Negative selection algorithm
The negative selection algorithm is inspired by the self-non-self discriminating behavior observed in the immune system acquired by mammals. The theory of acquired immunity takes into account the adaptive behavior of the immune system, including the continued selection and proliferation of cells that select potentially harmful (and usually foreign) material in the body. An interesting aspect of this process is that it is responsible for managing a population of immune cells that do not select tissues in the body, in particular it does not create self-reactive immune cells called autoimmunity.
This problem is known as self-discrimination, and it involves the preparation and ongoing maintenance of a repertoire of immune cells so that none are autoimmune. This is achieved by a negative selection process which selects and removes cells that are autoreactive during cell creation and proliferation.
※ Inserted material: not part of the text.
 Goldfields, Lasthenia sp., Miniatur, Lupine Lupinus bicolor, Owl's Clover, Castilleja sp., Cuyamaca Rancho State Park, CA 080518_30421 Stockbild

This process has been observed in the preparation of T cells, the naive versions of which are matured using a positive and negative selection process in the thymus.
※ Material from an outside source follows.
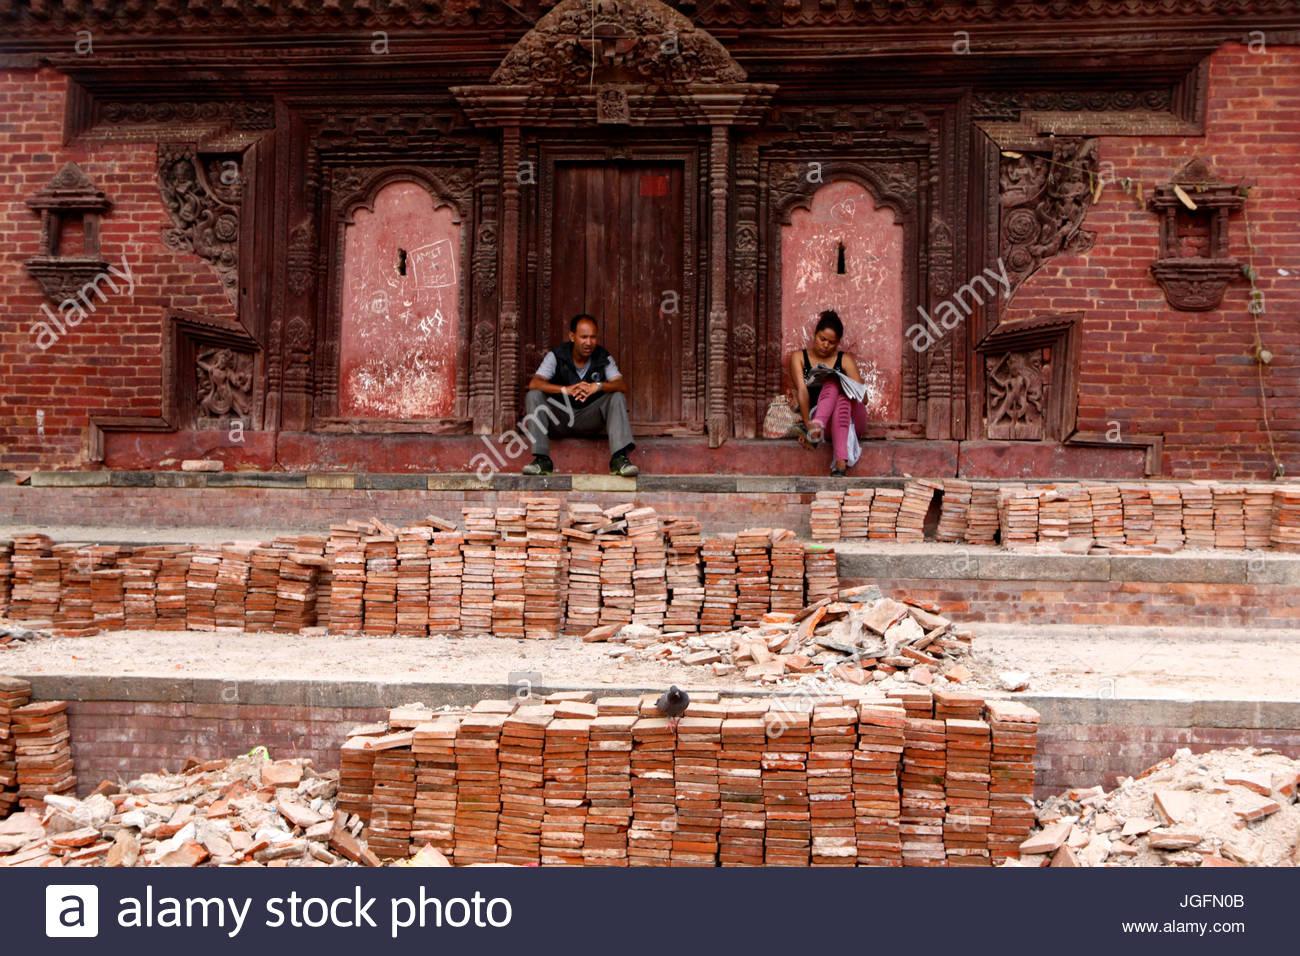 People sit amongst the bricks in Kathmandu's Durbar Square. - Stock Image

The principle of self-non-self discrimination suggests that the anticipatory assumptions made in the clonal selection are filtered by regions of infeasibility (protein conformations that bind to self-tissues). Moreover, the self-non-self immunological paradigm proposes the modeling of the unknown domain (pathogen encountered) by modeling the complement of what is known. This is not intuitive because the natural tendency is to classify unknown information by what is different from what is known, rather than guessing the unknown information and filtering those guesses by what is known.
The information processing principles of the process of self-non-self discrimination by the negative selection algorithm are those of the anomaly and change detection systems which model the anticipation of the variation of what is known. . The principle is achieved by building a model of changes, anomalies or unknown data (non-normal or non-self) by generating models that do not correspond to an existing corpus of available models (normal or self). The prepared non-normal model is then used to monitor existing normal data or new data streams by looking for matches with the non-normal models.
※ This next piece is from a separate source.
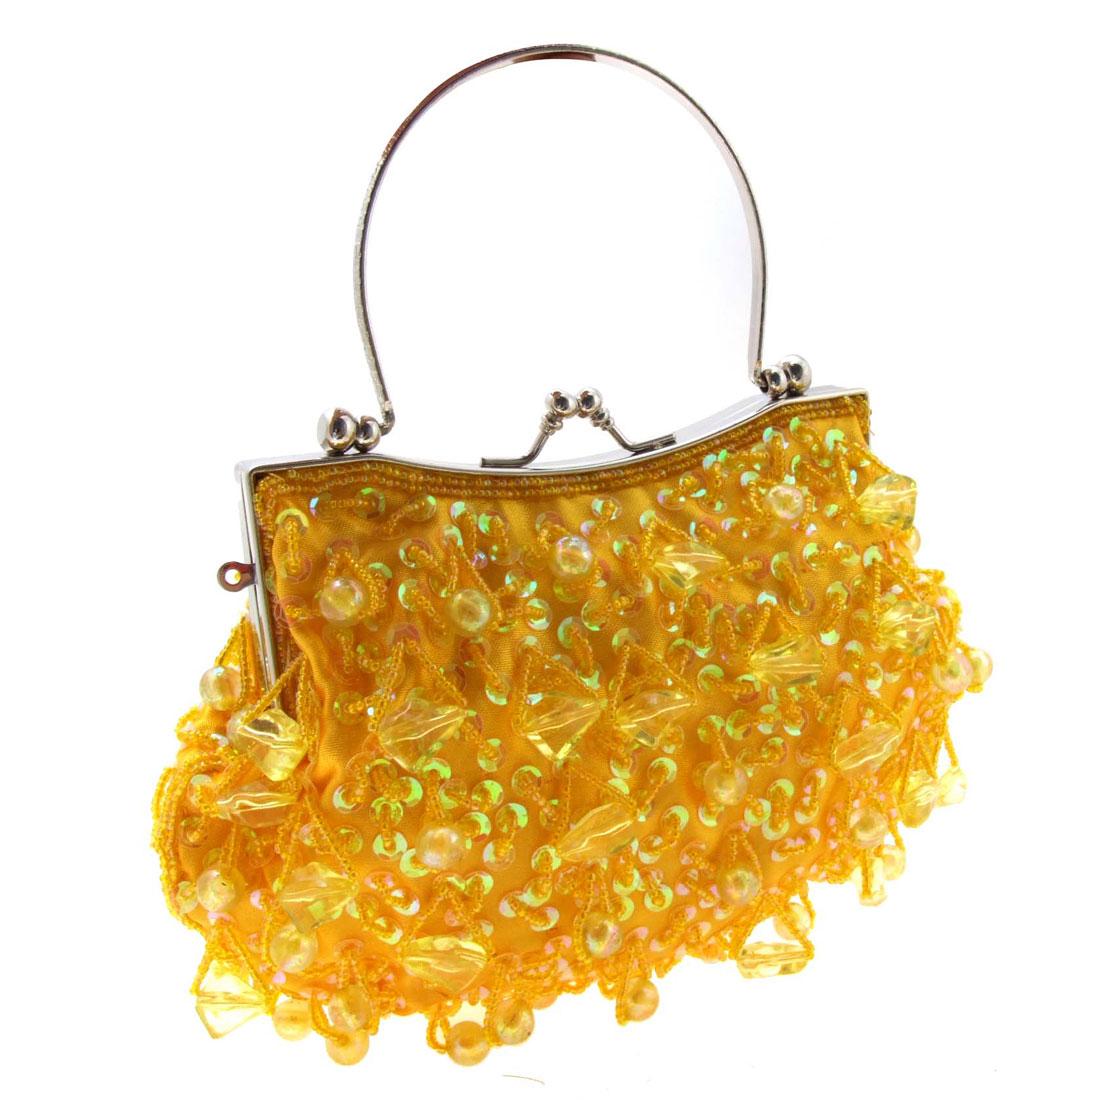 Ladylike Women Bag Handbag w/Beads/Sequins/Inner Purse

The following algorithm provides a pseudocode of the detector generation procedure for the negative selection algorithm.
The following algorithm provides a pseudocode of the detector application procedure for the negative selection algorithm.
The negative selection algorithm was designed for change detection, novelty detection, intrusion detection and recognition of similar patterns and two-class classification problem areas. Traditional negative selection algorithms used binary representations and binary matching rules such as Hamming distance and r-contiguous bits.
A data representation should be selected that best suits a given problem domain, and a matching rule is in turn selected or matched to the data representation. Detectors can be prepared without prior knowledge of the definition field other than the known dataset (normal or standalone).
The algorithm can be configured to balance the convergence of the detectors (quality of matches) and the complexity space (number of detectors). The lack of dependency between detectors means that the preparation and application of detectors are inherently parallel and suitable for distributed and parallel implementation, respectively.